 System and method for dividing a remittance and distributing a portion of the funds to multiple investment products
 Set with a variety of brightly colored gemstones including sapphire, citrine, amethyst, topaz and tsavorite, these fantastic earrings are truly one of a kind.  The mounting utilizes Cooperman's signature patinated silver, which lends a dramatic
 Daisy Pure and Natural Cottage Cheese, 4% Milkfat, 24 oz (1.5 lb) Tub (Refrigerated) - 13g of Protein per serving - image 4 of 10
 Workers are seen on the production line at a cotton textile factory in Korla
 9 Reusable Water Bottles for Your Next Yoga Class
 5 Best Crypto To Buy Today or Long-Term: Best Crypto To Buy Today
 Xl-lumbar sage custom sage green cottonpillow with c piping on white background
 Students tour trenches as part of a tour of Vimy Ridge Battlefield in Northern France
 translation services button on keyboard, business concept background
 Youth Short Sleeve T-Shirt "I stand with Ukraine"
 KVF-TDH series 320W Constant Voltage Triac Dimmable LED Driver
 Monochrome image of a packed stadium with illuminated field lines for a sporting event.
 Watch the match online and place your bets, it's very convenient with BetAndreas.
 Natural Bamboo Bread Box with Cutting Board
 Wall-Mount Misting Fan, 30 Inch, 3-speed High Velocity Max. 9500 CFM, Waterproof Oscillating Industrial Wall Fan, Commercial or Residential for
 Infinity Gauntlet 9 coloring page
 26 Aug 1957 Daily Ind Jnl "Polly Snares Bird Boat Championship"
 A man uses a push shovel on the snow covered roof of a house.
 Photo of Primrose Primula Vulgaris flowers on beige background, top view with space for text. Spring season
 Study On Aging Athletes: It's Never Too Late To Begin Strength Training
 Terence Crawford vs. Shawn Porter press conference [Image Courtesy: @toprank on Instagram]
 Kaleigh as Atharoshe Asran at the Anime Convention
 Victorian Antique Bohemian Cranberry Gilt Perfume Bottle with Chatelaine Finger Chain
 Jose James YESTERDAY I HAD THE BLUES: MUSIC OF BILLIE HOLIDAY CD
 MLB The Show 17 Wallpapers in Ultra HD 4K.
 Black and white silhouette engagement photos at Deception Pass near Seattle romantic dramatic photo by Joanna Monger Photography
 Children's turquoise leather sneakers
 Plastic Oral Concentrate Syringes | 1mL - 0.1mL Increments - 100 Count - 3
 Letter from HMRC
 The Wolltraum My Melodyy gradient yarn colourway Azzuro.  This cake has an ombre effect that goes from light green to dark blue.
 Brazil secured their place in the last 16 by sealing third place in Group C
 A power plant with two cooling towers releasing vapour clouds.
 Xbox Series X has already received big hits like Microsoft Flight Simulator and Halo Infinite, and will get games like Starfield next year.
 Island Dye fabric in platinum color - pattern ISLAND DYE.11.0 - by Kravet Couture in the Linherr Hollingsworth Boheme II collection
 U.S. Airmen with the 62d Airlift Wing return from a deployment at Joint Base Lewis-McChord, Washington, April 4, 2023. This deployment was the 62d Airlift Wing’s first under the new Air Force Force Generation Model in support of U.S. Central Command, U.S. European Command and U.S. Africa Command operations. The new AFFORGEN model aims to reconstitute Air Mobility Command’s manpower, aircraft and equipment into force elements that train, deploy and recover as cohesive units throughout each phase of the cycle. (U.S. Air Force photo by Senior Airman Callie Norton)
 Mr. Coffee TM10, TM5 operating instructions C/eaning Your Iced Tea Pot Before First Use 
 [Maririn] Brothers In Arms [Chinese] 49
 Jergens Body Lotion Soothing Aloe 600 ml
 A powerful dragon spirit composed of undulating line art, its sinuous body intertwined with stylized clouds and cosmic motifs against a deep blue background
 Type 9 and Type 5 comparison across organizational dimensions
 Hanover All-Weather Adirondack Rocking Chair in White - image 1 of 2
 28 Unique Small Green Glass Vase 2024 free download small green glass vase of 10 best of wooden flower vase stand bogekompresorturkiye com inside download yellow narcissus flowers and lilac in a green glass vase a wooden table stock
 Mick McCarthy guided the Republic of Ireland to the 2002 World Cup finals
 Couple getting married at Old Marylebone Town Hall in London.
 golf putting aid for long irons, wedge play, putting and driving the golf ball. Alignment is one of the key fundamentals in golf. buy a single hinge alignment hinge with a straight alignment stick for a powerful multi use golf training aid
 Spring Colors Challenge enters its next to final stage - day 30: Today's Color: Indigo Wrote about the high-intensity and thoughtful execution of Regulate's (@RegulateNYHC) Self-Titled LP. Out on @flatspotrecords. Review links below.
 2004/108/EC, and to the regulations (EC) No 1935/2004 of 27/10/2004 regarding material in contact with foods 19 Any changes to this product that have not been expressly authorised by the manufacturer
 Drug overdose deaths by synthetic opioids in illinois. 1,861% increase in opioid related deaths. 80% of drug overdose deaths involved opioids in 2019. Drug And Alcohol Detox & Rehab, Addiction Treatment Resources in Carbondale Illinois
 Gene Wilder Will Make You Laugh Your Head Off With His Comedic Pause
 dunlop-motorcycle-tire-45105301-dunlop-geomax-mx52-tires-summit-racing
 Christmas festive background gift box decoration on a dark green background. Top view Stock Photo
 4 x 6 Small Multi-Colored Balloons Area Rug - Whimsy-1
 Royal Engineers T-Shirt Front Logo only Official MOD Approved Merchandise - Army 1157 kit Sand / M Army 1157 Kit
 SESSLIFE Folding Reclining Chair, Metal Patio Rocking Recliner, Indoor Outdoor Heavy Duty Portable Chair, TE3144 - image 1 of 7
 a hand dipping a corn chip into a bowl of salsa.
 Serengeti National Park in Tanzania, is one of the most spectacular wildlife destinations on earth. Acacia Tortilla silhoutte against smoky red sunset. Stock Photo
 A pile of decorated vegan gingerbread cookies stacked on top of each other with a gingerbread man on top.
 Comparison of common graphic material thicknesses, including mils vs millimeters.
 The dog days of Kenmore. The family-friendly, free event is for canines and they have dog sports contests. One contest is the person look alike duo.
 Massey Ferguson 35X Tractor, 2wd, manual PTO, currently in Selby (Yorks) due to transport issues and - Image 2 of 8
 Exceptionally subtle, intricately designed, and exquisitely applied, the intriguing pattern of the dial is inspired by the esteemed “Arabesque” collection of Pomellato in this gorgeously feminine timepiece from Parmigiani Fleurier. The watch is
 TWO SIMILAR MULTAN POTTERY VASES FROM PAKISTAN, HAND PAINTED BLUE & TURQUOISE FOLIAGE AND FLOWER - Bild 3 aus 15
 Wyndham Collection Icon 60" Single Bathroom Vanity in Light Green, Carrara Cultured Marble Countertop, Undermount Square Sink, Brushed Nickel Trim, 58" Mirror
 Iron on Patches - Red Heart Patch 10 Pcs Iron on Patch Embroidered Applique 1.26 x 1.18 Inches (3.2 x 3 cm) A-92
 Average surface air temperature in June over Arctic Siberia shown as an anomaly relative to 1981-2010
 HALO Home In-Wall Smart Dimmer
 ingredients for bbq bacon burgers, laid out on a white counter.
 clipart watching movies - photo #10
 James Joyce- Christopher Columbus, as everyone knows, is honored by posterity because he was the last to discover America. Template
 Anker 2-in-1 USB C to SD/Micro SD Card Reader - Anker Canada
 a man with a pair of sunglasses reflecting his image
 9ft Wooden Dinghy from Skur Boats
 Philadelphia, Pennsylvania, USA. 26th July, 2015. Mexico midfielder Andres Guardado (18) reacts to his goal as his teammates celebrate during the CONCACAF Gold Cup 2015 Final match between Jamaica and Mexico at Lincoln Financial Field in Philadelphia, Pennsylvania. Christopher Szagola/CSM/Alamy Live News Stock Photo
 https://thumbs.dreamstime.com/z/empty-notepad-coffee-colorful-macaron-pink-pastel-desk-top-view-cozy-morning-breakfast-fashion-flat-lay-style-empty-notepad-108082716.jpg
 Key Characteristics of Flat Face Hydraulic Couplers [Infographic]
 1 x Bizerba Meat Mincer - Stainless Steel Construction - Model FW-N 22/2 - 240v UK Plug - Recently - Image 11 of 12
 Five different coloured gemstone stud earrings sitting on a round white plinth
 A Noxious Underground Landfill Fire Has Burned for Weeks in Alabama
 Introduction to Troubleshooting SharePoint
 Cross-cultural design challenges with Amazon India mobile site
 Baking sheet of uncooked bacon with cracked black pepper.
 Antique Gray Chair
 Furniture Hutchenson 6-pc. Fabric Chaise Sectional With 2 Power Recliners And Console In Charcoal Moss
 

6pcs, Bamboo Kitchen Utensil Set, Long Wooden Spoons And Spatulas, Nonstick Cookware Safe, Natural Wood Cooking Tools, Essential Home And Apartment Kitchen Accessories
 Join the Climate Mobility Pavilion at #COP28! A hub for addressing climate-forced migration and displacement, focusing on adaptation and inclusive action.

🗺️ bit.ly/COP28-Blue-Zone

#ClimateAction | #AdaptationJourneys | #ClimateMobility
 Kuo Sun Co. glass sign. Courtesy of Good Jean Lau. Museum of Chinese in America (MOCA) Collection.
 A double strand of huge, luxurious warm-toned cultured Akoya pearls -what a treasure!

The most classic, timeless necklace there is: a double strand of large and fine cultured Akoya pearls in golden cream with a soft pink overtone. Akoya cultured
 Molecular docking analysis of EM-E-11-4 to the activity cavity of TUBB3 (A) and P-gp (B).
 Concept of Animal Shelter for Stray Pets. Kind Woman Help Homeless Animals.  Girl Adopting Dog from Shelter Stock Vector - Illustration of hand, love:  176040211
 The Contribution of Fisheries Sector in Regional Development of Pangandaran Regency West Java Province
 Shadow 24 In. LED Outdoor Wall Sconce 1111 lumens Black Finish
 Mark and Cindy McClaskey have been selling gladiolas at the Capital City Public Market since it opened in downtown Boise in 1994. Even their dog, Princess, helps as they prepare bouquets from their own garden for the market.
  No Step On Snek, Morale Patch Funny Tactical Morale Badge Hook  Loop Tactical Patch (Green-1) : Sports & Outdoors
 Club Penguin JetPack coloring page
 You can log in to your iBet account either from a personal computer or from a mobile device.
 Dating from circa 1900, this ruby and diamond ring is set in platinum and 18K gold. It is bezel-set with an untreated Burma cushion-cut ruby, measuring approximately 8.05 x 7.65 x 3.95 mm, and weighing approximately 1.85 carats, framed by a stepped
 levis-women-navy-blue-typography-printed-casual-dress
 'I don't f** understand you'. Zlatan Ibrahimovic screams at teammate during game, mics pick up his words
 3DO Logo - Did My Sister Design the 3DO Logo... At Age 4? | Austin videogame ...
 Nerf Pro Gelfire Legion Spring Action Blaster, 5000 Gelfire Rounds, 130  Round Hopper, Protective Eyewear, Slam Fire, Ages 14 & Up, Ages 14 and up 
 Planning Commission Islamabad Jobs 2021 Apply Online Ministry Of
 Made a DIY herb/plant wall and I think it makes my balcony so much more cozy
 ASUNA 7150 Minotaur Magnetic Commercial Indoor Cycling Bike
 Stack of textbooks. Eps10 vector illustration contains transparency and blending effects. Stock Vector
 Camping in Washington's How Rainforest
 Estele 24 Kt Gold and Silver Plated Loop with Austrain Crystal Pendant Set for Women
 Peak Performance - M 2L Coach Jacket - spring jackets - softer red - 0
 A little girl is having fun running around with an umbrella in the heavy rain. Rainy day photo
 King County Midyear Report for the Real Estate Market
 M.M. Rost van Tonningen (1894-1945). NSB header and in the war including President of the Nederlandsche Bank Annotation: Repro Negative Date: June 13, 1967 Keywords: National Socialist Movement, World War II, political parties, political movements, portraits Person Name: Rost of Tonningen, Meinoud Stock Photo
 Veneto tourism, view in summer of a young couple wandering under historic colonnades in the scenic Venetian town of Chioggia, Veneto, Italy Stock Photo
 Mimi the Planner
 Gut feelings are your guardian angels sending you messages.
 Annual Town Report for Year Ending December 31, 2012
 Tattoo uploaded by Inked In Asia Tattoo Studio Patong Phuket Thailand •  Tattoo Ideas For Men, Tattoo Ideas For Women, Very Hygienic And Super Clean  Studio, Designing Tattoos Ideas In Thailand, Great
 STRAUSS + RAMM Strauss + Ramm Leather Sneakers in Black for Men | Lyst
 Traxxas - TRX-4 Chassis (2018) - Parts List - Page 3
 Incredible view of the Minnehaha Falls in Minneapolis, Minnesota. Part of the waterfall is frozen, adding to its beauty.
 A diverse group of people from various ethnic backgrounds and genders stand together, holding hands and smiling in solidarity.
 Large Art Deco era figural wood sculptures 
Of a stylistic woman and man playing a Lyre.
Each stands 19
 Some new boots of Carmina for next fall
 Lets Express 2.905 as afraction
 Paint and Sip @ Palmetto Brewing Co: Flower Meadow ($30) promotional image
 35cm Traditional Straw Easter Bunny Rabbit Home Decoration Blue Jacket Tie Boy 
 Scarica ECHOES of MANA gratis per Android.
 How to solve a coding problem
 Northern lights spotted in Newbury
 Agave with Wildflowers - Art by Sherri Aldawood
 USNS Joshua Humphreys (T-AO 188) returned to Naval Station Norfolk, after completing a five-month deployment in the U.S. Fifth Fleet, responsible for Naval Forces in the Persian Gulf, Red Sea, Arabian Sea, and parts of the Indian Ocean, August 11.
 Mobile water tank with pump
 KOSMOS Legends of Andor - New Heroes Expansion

» Activity
The lines above from the one with "Introduction to Troubleshooting SharePoint" through the one with "Furniture Hutchenson 6-pc." are to be duplicated exactly, ends included, with nothing added.

» Problem solution
 Introduction to Troubleshooting SharePoint
 Cross-cultural design challenges with Amazon India mobile site
 Baking sheet of uncooked bacon with cracked black pepper.
 Antique Gray Chair
 Furniture Hutchenson 6-pc. Fabric Chaise Sectional With 2 Power Recliners And Console In Charcoal Moss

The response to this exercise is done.